Preventative measures: House mice are able to stow away in very small spaces so there is a constant threat of invasion or reinvasion. Visitors to areas that are at risk of mouse invasion should be encouraged to check all baggage and pockets for mice before heading to such places. Mouse free areas that are considered at risk of invasion should implement a programme of regular monitoring to identify mouse invasions early.

Chemical: House mice have been successfully eradicated from 28 islands worldwide. In all these cases some form of anticoagulant poison was used (MacKay et al. 2007). Brodifacoum was the most commonly used poison, other successful attempts used pindone, warfarin, bromodiolone and floccoumafen. Brodifacoum is a very widely used toxin but there are some concerns about it building up in ecosystems (Hoare and Hare, 2006).
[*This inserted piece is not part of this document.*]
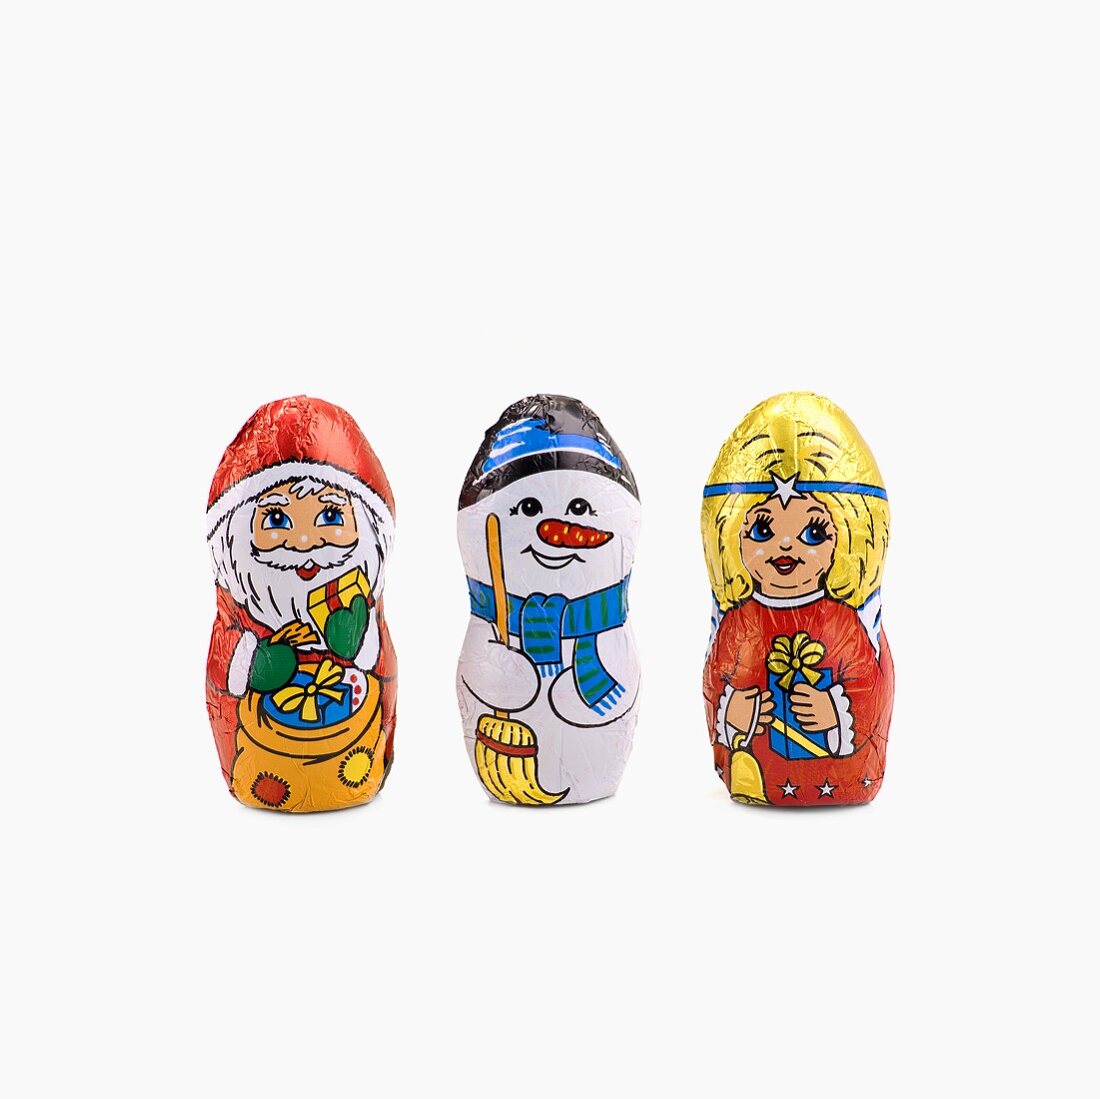 Weihnachtliche Schokoladenfiguren (Nikolaus, Schneemann, Christkind)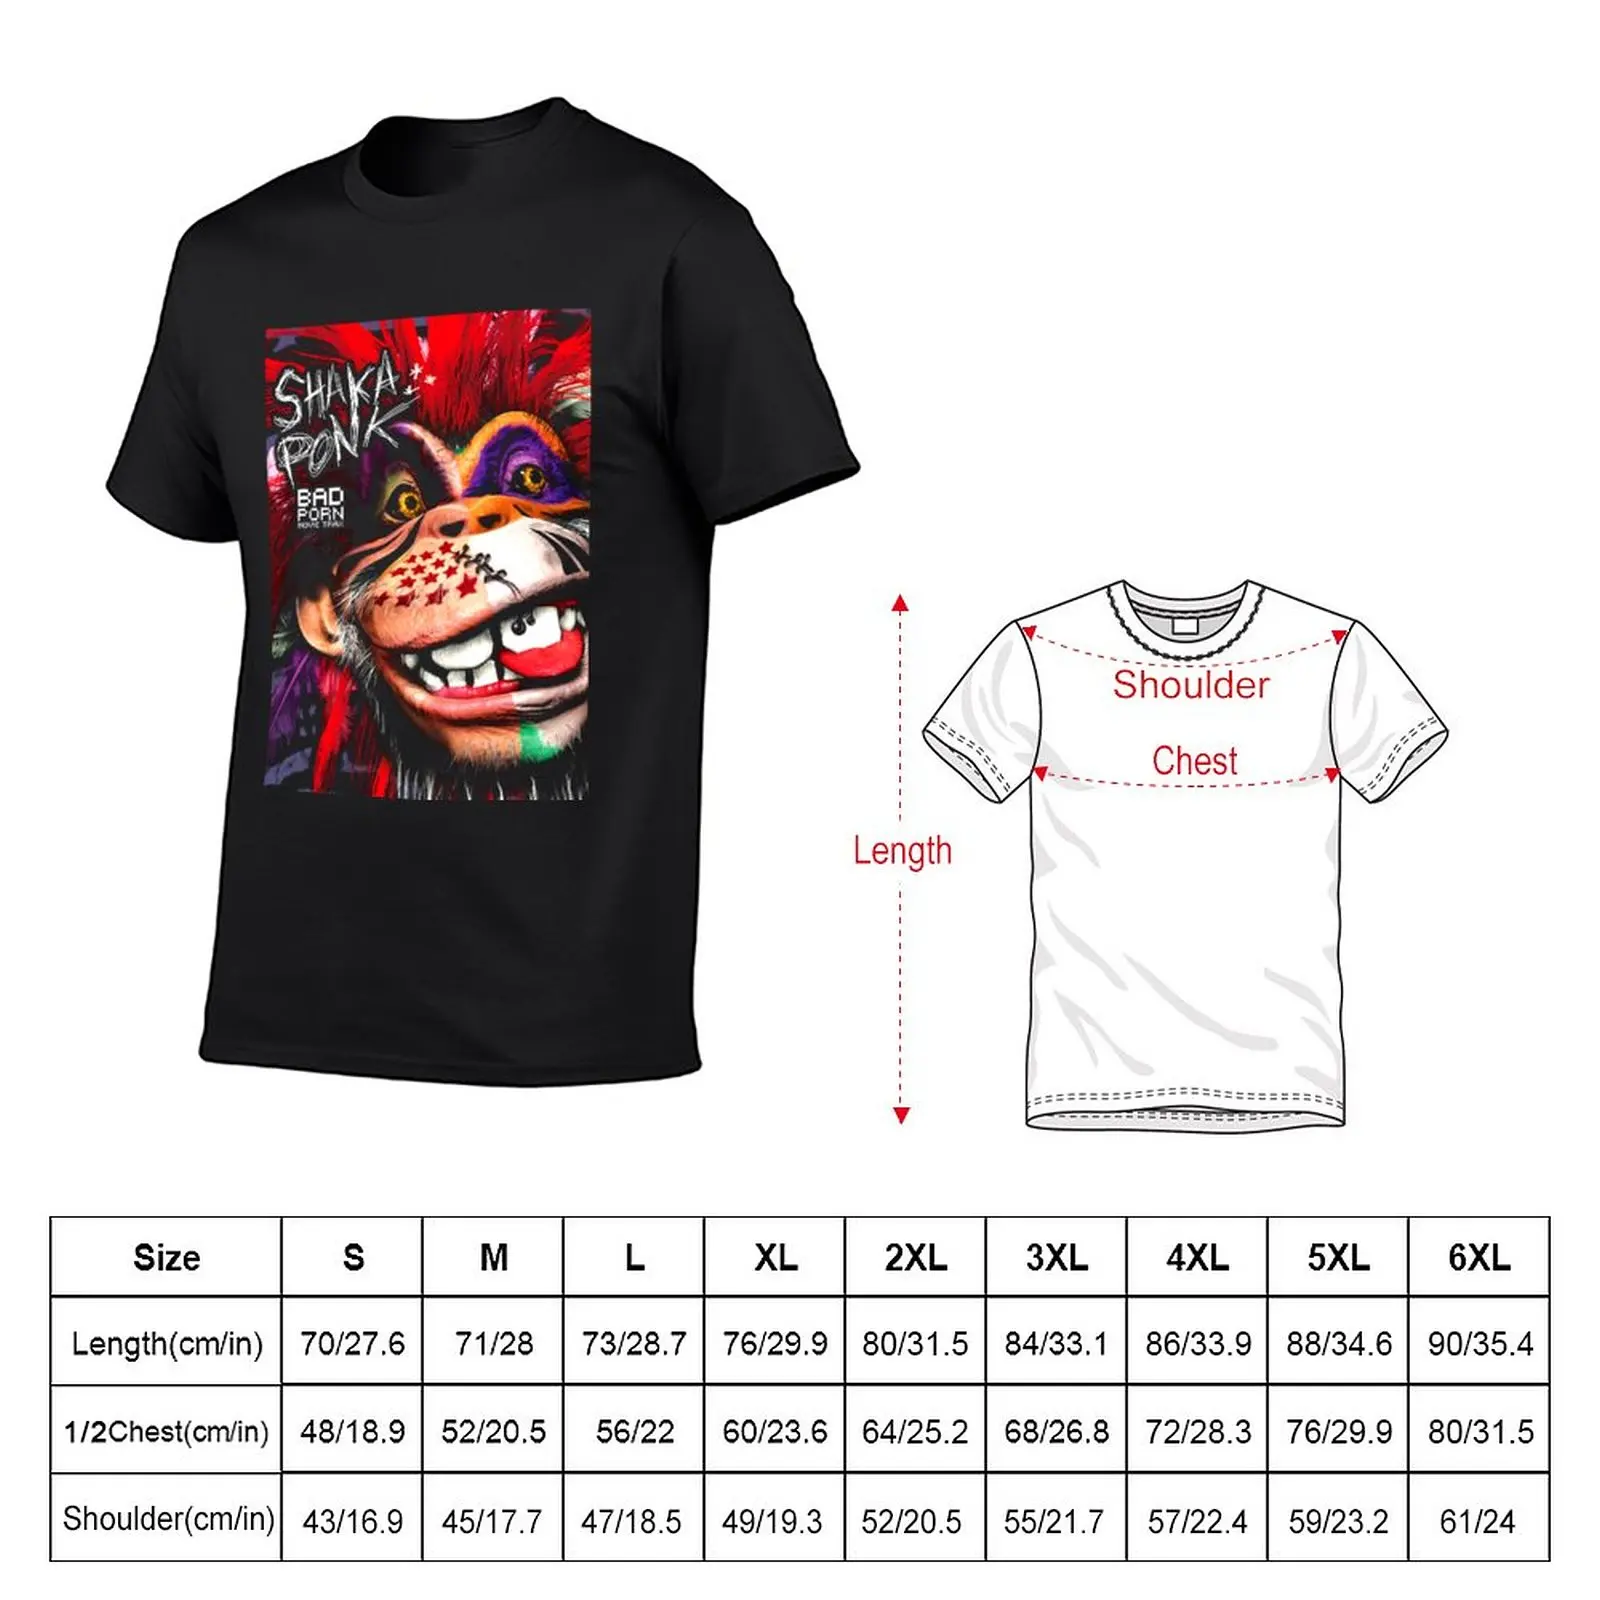 New shaka ponk pixel ape t-shirt camicie magliette grafiche magliette a maniche corte, uomo

Fisher (2005) discusses the susceptibility of mice to a variety of anticoagulant poisons; Morriss et al. (2008) updates this study by investigating factors that affect the palatability of different baits to house mice and rat species.

Biological: Virally vectored immunocontraception using a modified murine cytomegalovirus (MCMV) has been investigated in Australia to control mouse plagues in the grain growing regions but results are not promising. Viral transmission rates are too slow to effectively control fertility on the population (Arthur et al. 2009). A review of fertility control in rodents is available (Jacob et al. 2010).

Integrated management: The abundance of M. musculus will increase dramatically where a significant number of rats are removed from an area, perhaps due to an improved food supply or a release from predation pressure (Caut et al. 2007, Witmer et al. 2007). It is important to attempt to remove mice at the same time as rats to prevent large populations of mice appearing following rat removal.